Under Trajan the Roman empire expanded to its maximum extent, mainly due to the military expertise of the emperor, who  usually insisted in taking personal charge of all major campaigns. Trajan was a brilliant military strategist and enjoyed nothing more than sharing camp life with his troops, so it was inevitable that, once he was emperor, he would soon seek out a campaign worthy of his talents.

 

Trajan decided to complete the conquest of the troublesome kingdom of Dacia, on the far side of the Danube, where Domitian had campaigned earlier with no success and had entered into a humiliating treaty. Dacia was rich and powerful and possessed several gold-mines.
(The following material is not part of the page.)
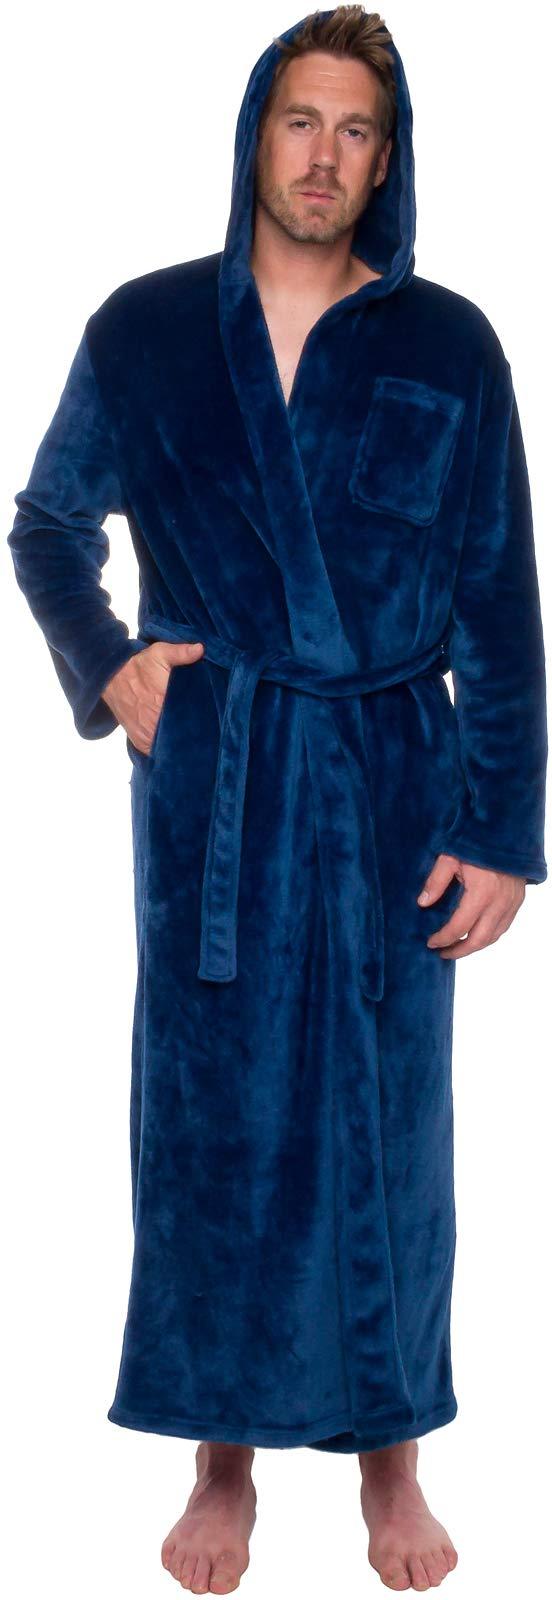 Ross Michaels Mens Hooded Long Robe - Full Length Big & Tall Bathrobe (Navy, L/XL)
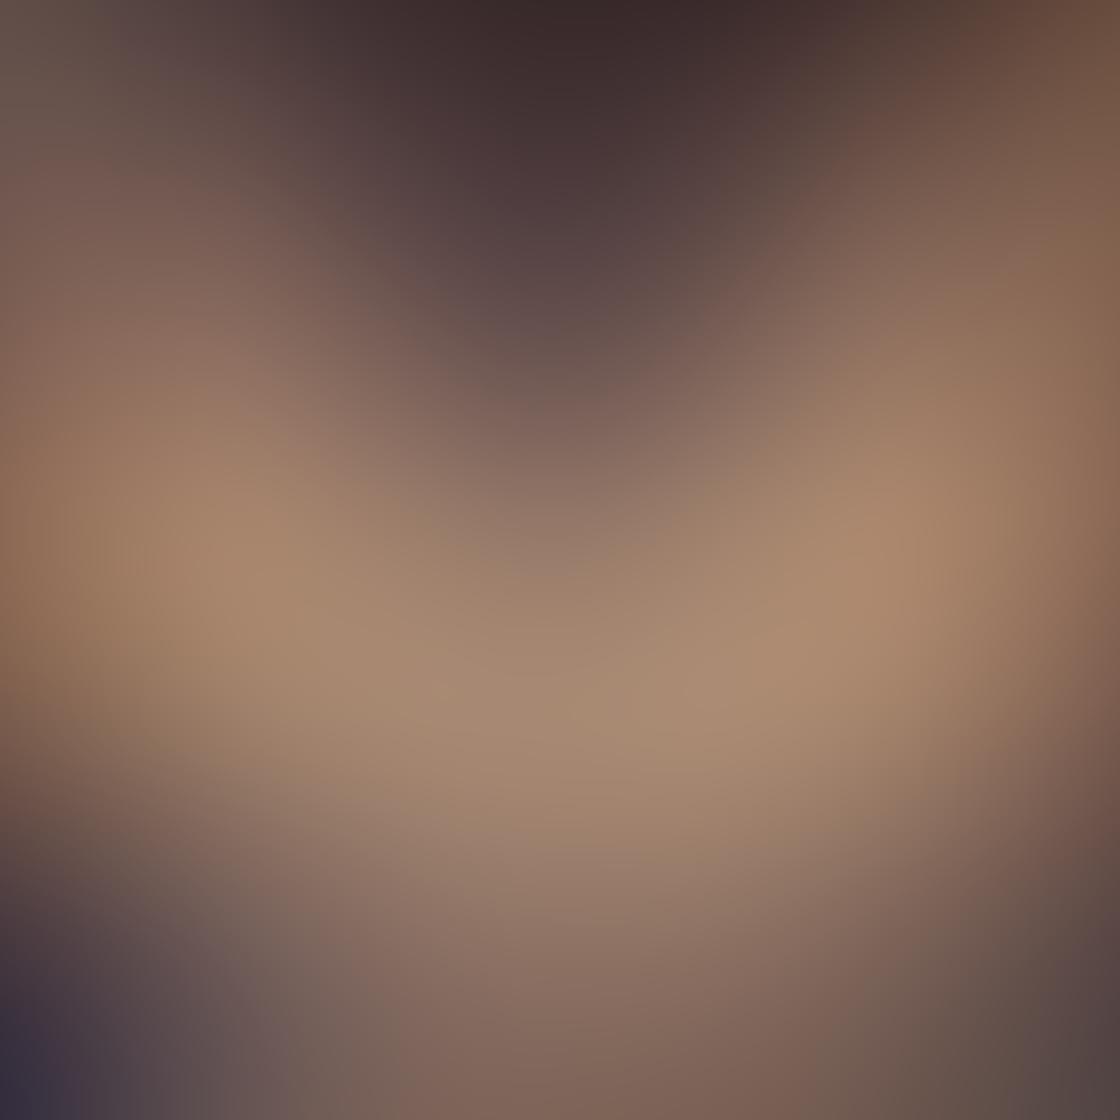 iPhone Weather Photo 19

From AD 101 – 102, after a hard fought campaign, the Roman armies were victorious and king Decebalus sued for peace, becoming a vassal of Rome. However, he took up arms against Romeagain in 105 and threatened Roman territory again.

 

Trajan outmanouvered the Dacians, by building roads and his architect Appolodorus built a stone bridge across the Danube.  In 106 Trajan utterly destroyed the kingdom and looted the vast palace treasure. Dacia became a Roman province and King Decebalus committed suicide. Trajan used much of the loot from Dacia for public works projects, such as his new forum and expanding the harbour at Ostia. For his victories Trajan was given a triumph and took the name Dacicus Maximus and in his new forum he erected an impressive column, which depicted scenes from the war in graphic detail.

 

 

DETAIL OF TRAJAN’S COLUMN

 

 

After Dacia, the empire peacefully annexed the Nabataean kingdom, which lay astride the major trade route to the east. It became the Roman province of Arabia. However this upset the strategic balance in the region and provoked trouble with the Parthians, who were already interfering with Roman interests in Armenia. In AD 113 Trajan  decided to take up arms against the powerful eastern empire. He had great initial success and took all of Mesopotamia, between the Euphrates and Tigris rivers, making it a Roman Province, and  Armenia was also taken.

 

However Trajan over extended himself by crossing the Tigris into  Babylonia and Parthia itself, where he deposed the Parthian king Osroes I. But the situation was unstable. A huge revolt of Jews within the empire broke out, with large massacres of Roman provincials and also part of Mesopotamia rebelled in his rear. Then Trajan personally tasted defeat for the first time in battle at the siege of Hatra, west of the Tigris. In AD 116 these setbacks caused him to pull his troops back to consolidate his gains, with a view to regaining the initiative in a later campaign . However by AD 117, his health was failing and he headed back to Rome, leaving Hadrian in charge of Syria and the army.

 

 Death and Succession

Trajan died in en-route to Italy at the town of Selinus in Cilicia AD 117 of natural causes. Although Trajan had never designated a successor, the succession passed smoothly from Trajan to Hadrian – in what was a rather suspect last minute,  ‘death-bed’ adoption of his nephew, who thereby became his posthumus son. However, as the veracity of the ‘adoption’ was attested to by Trajan’s highly respected wife Plotina, it was accepted as legitimate – an almost foregone conclusion, as no-one wanted civil war, especially with Hadrian sitting in control of the mighty battle-hardened Syrian army.

 

Actually, it has always been something of a mystery, as to why Trajan had not earlier designated Hadrian as his heir, as he and Plotina had no children of their own and he been the guardian of Hadrian since the boy was ten. On the face of it Hadrian was the obvious choice and his abilities, both as a soldier and as an administrator had certainly been tested by Trajan over an extended period. He had been a provincial governor, held the most senior priesthoods  and in AD 108 he had been  ‘consul suffectus’  – the highest rank after the emperor,

 

Indubitably one of histories truly great men, Trajan was universally remembered long after his death for the example of his benign rule and impressive personal dignity, kindness and moderation. Thereafter the senate greeted all future emperors on their appointment to the throne with the salutation – “felicior Augusto,  melior Traiano“. an admonition to be as lucky as Augustus and as benign as Trajan.